= Otōri =

Drinking custom in Miyako Island, Okinawa Prefecture, Japan

Otōri (オトーリ, 御通り, おとおり) is a drinking custom in Miyako Island, Okinawa Prefecture, Japan. The custom involves one person offering a toast to each of several other people in a round.

==Custom==
This group ritual involves people sitting in a circle. One person, the oya (master of ceremonies), makes a speech related to the particular celebration or ceremony being observed, filling his own glass with alcohol, usually an Okinawan distilled beverage called awamori, and drains it. The oya then moves around the circle and pours awamori for everyone. After that he makes a short closing speech and chooses another oya to start the next round.

==History==
Similar group rituals involving sake were once practiced across Japan. However, because the consumption of sake itself was limited to auspicious occasions, the popularization of otōri happened relatively recently. It is said that multi-turn ōtori started only after Okinawa Prefecture returned to Japan in 1972. Another popularized drinking ritual called Yoron kenpō can be found on Yoron Island, Kagoshima Prefecture.

The word otōri was used by Miyako's northern neighbor, Ryūkyū on Okinawa Island. As part of New Year's rituals, the king offered awamori to the royal family members, and the highest-ranking officials called sanshikan.
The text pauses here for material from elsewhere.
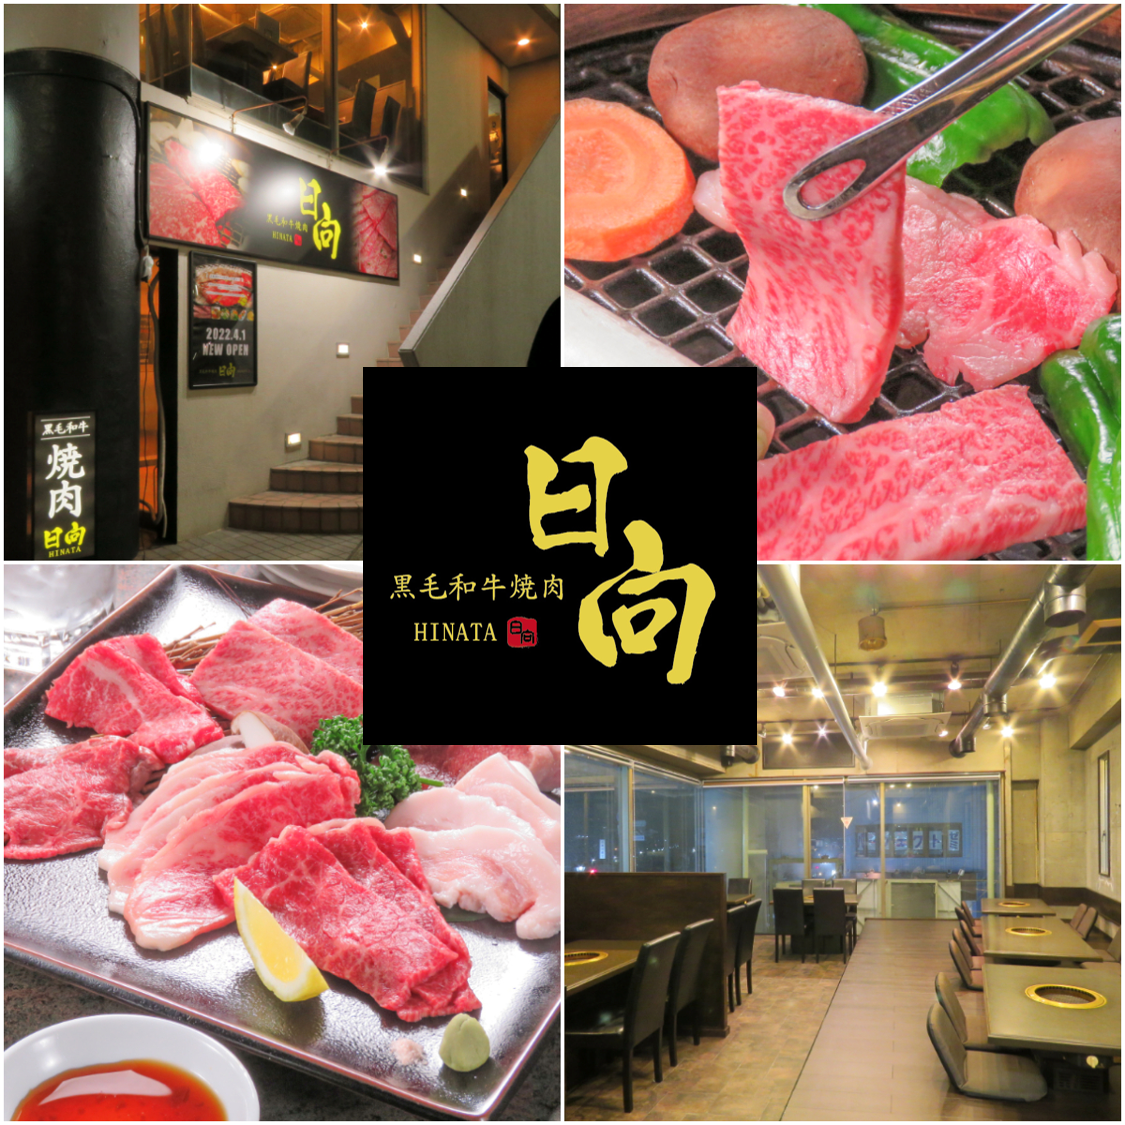 Please enjoy carefully selected Wagyu beef grown in the blessed land in a calm atmosphere.
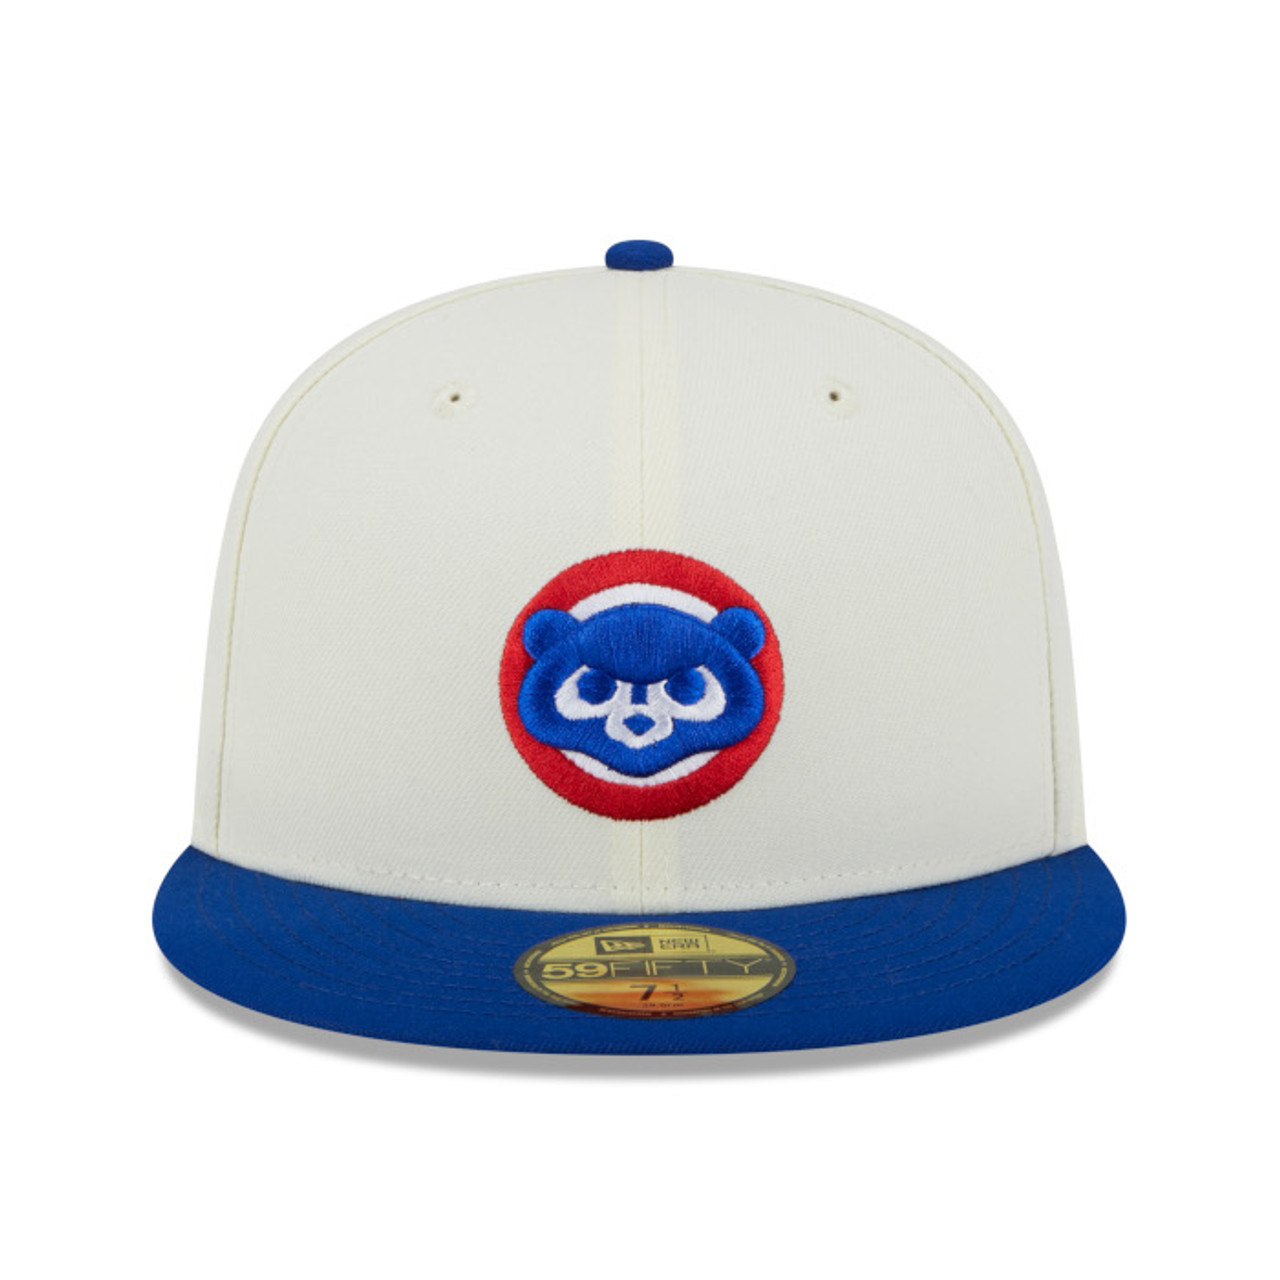 NEW ERA CHICAGO CUBS 59FIFTY FITTED HAT | www.myglobaltax.com

In the 1980s, otōri became popular in Miyako Island, Okinawa Prefecture.

==Perspectives==

Otōri is seen as a root cause of alcohol-related health problems in Miyako. In 2005, Miyako Health Authority started issuing ōtori cards, red cards (off liquor) and yellow cards (giving one's liver a rest), with which people were supposed to decline the offer more easily.

In 2020, Okinawa's prefectural government issued an advisory requesting that people refrain from the practice because of concerns relating to the spread of COVID-19.